Let’s firstly look at how to convert a range to a table format:


1. Select the Range

Click on a cell within the range of data you want to convert to a table. If your data is contiguous (i.e., no blank rows or columns within the data set), Excel will automatically detect the entire range when you start the process to create a table.


2. Convert to Table

With the range selected or with an active cell inside the desired range, go to the Insert tab on the Ribbon.

Click on the Table button. Alternatively, you can use the shortcut Ctrl + T.


3. Specify Table Settings

A "Create Table" dialog box will appear.

Ensure the "Create Table" window that pops up has the correct range listed.

If your data has headers (like column titles), make sure the checkbox "My table has headers" is ticked. If not, Excel will automatically provide headers, and you can rename them later.

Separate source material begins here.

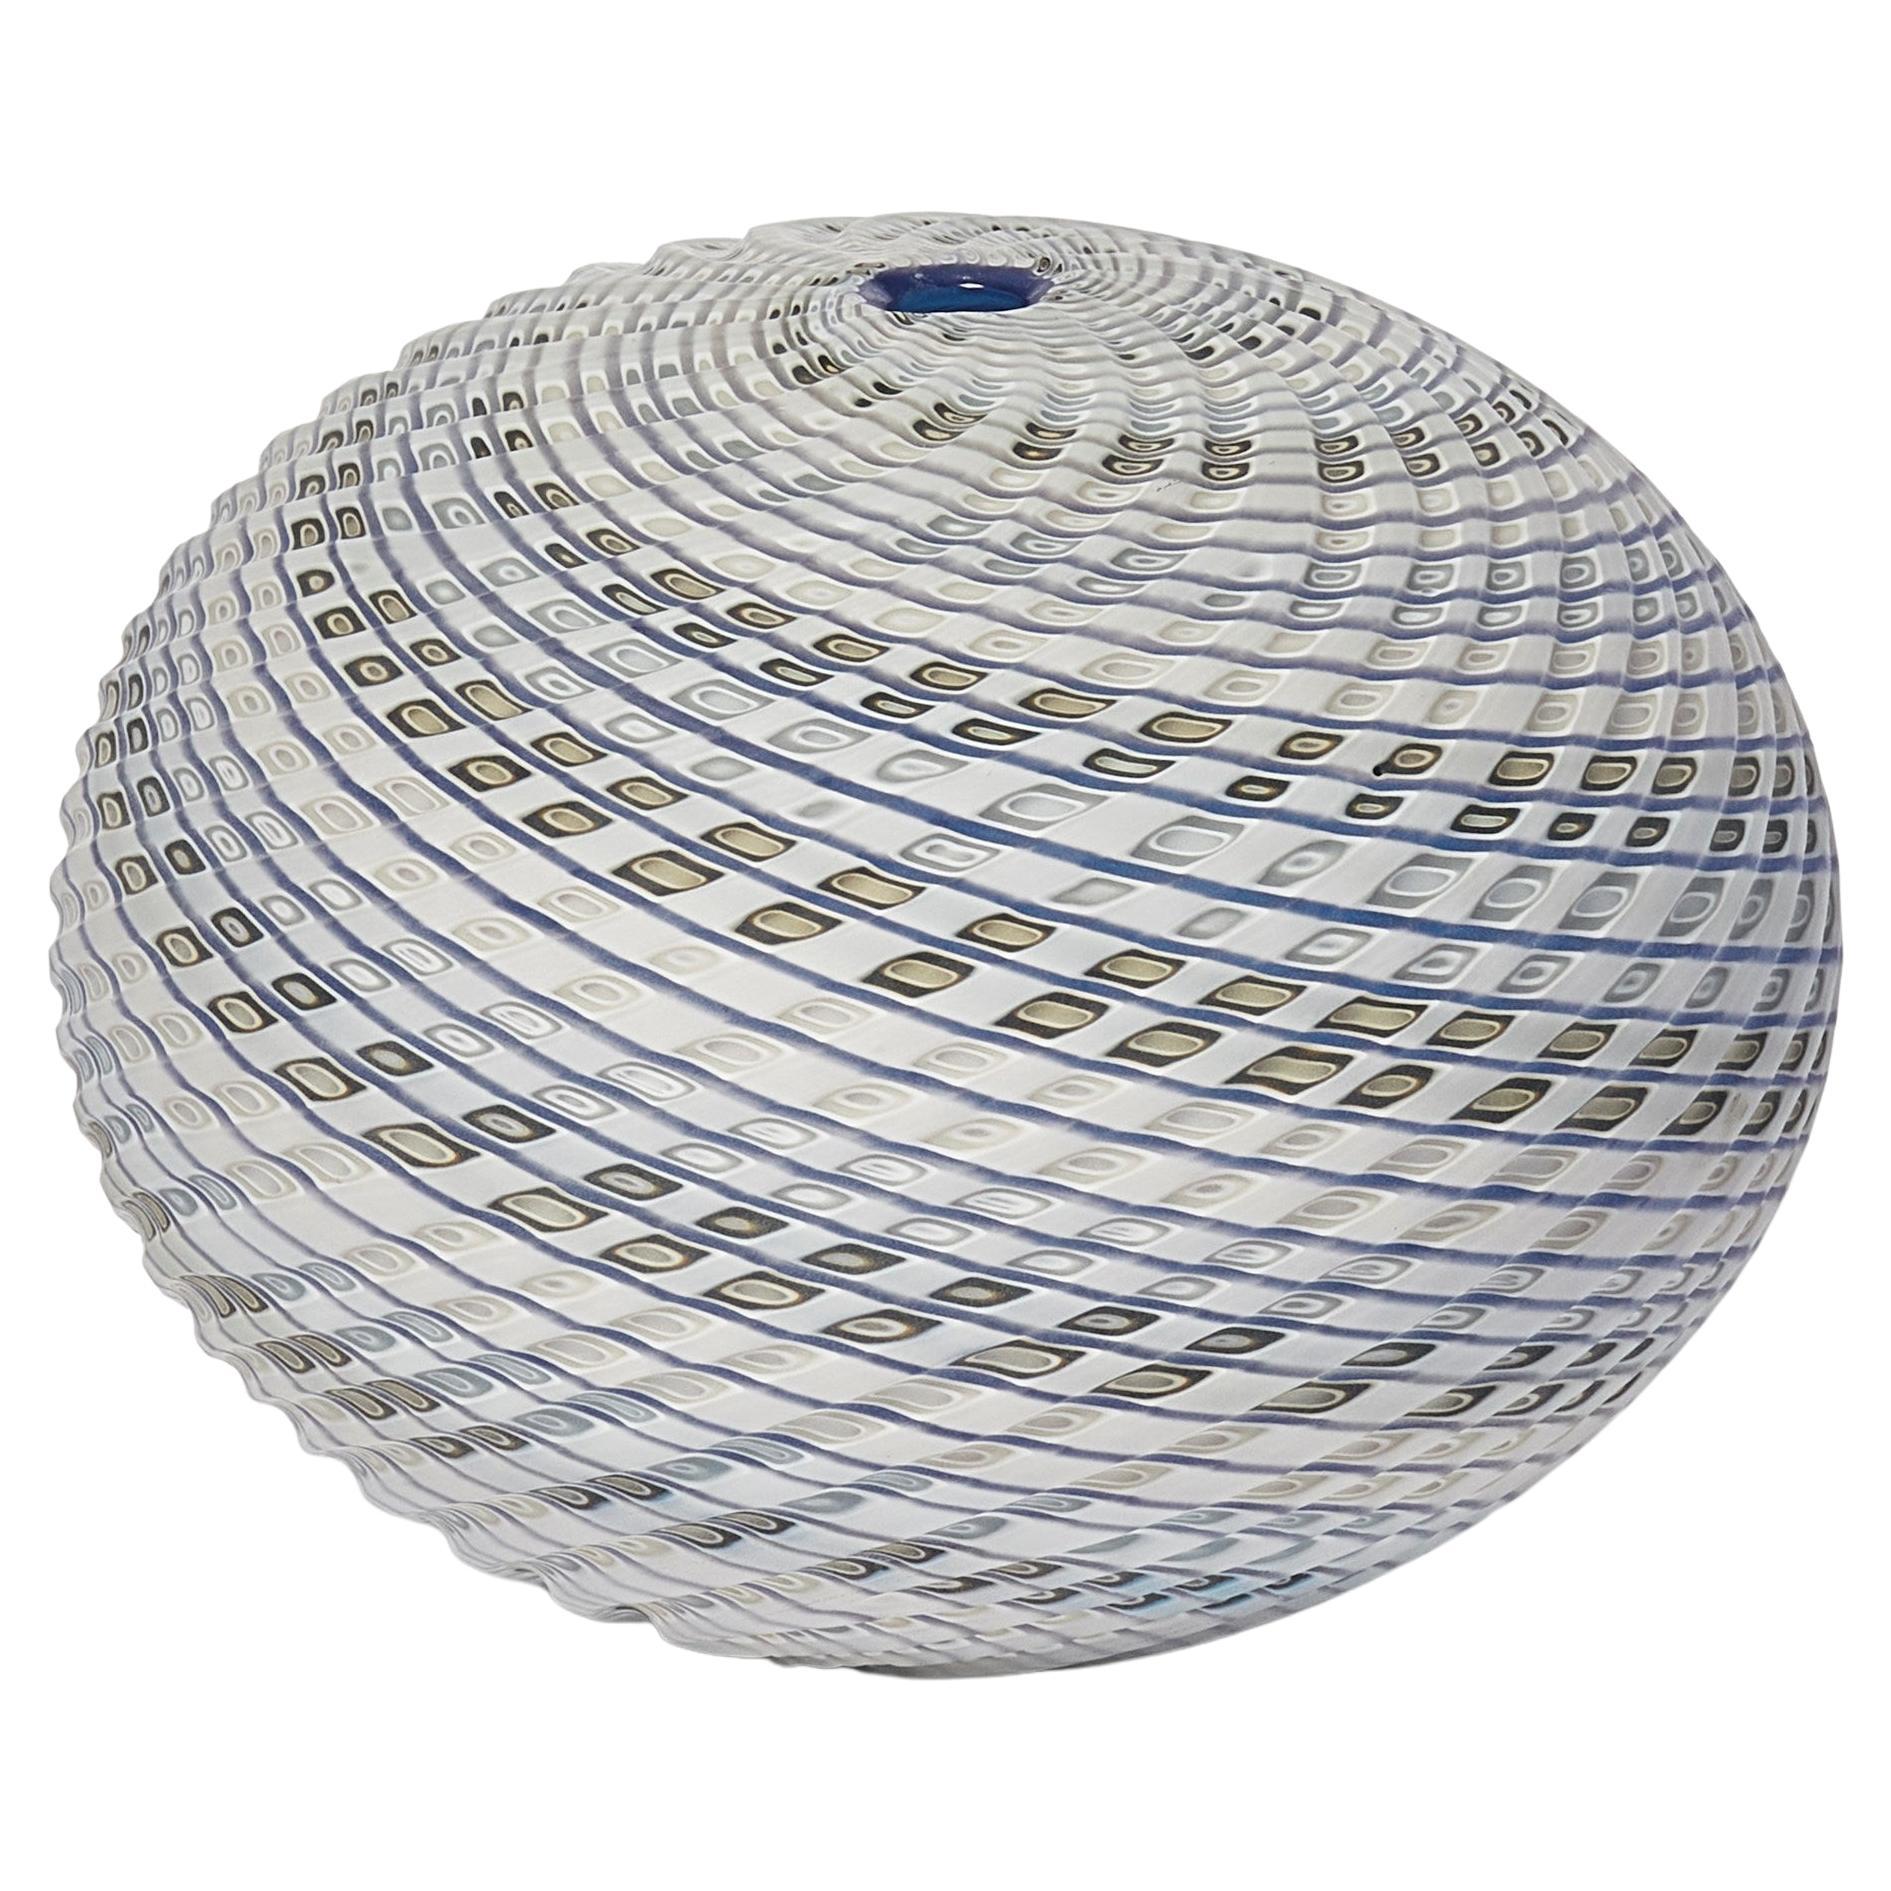 Woven Three Tone Blue Round, textured glass sculptural object by Layne Rowe For Sale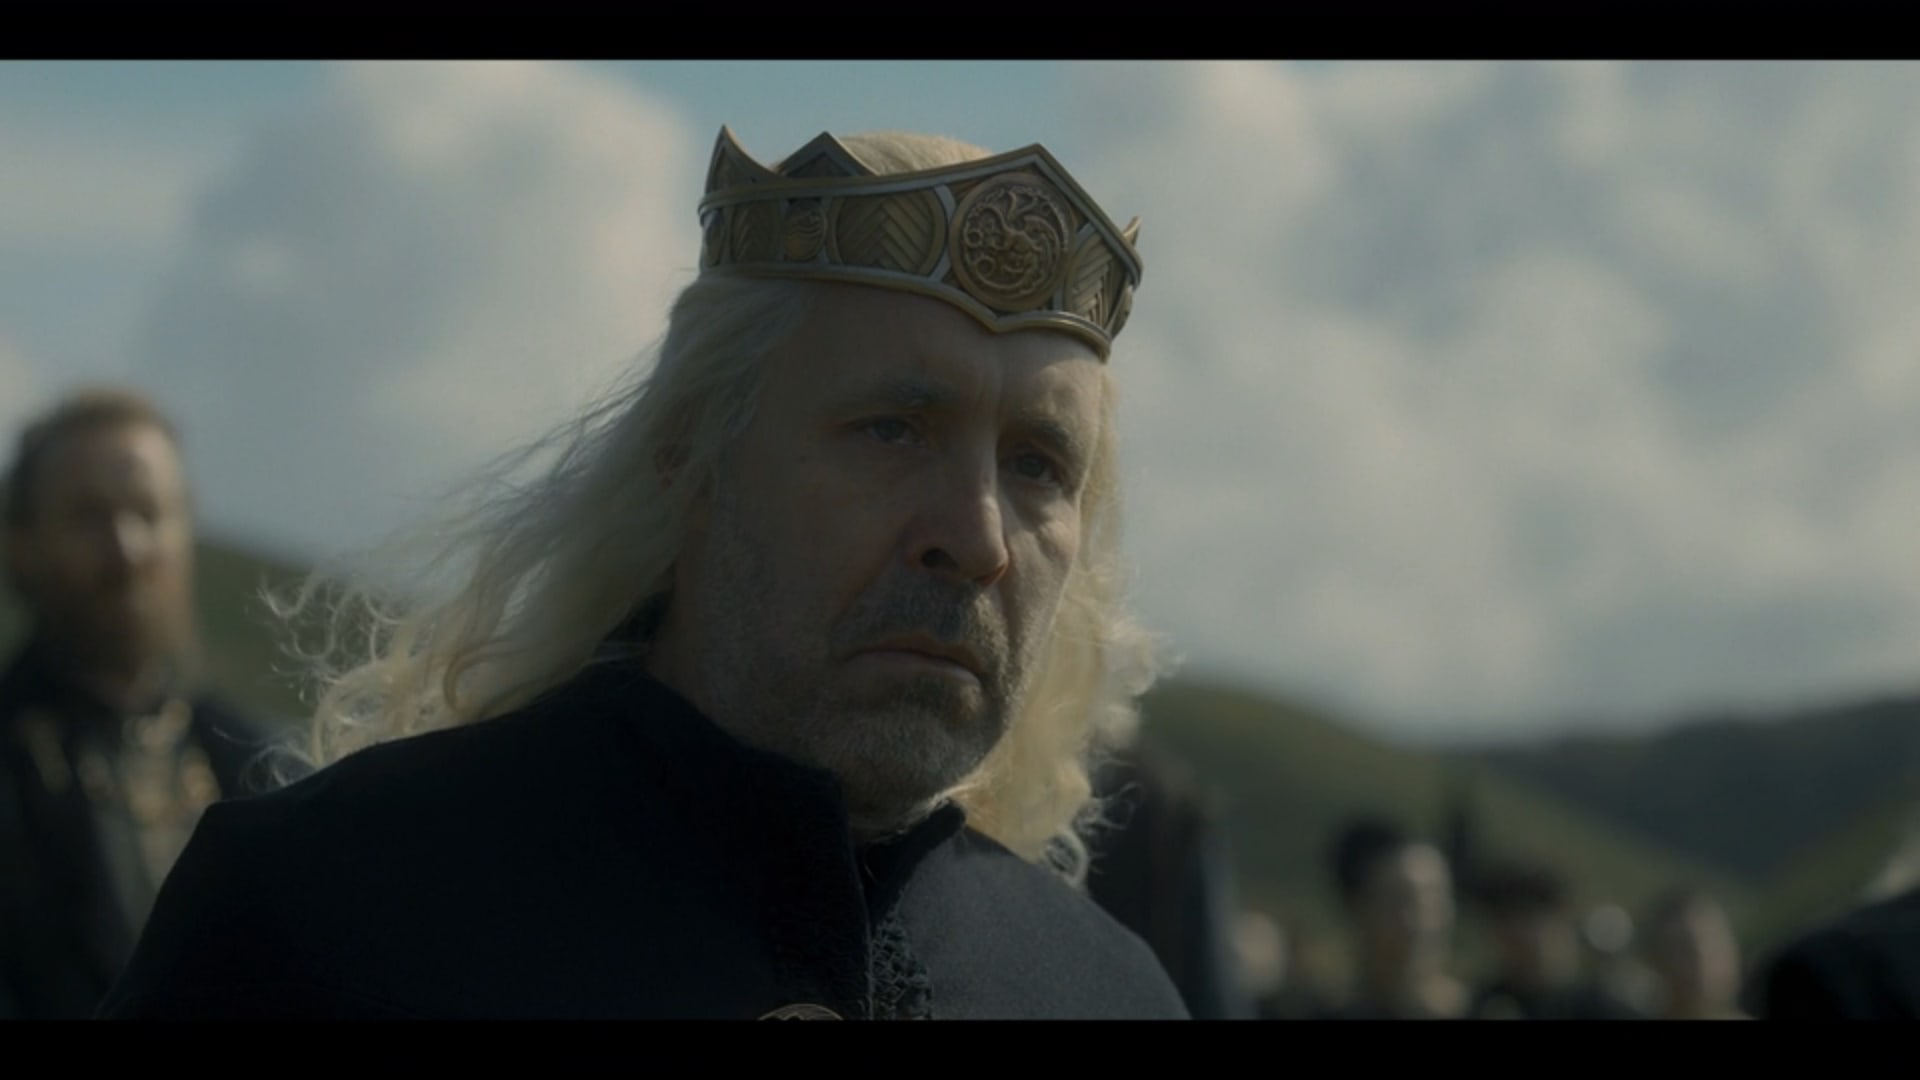 Viserys (Paddy Considine) in mourning

Click OK.


4. Adjust Table Design (Optional)

Once your data is converted into a table, you'll notice a new Table Tools Design tab appears on the Ribbon.

From here, you can rename your table, choose from different table styles for formatting, and adjust other table-specific settings.


5. Naming the Table (Optional, but Recommended)

It's a good practice to give your table a meaningful name, especially if you'll be creating multiple tables or using formulas that reference the table.


Under the Table Tools Design tab on the Ribbon, you'll see a field for "Table Name" on the left side. Simply type in a new name there. Remember, table names cannot contain spaces and must be unique within the workbook.


Your range is now converted to a table, and you can start leveraging the advantages that tables offer in Excel!


How tables can help clean data

Structured References

Tables use structured references, which means formulas that reference table columns by name rather than cell address. This makes your formulas more readable and reduces the chance of errors when rows are added or deleted.


Auto Expansion

When you add new data below a table, the table automatically expands to include this data. This ensures that any calculations or charts based on the table will automatically include the new data.


Automatic Filtering

Excel automatically adds drop-down arrows to the column headers of a table. This feature allows you to sort and filter data quickly, helping you to spot anomalies or inconsistencies.


Consistent Formatting

Tables apply consistent formatting. When you add or remove rows or columns, the table's formatting adjusts automatically, making it easier to visually scan for errors.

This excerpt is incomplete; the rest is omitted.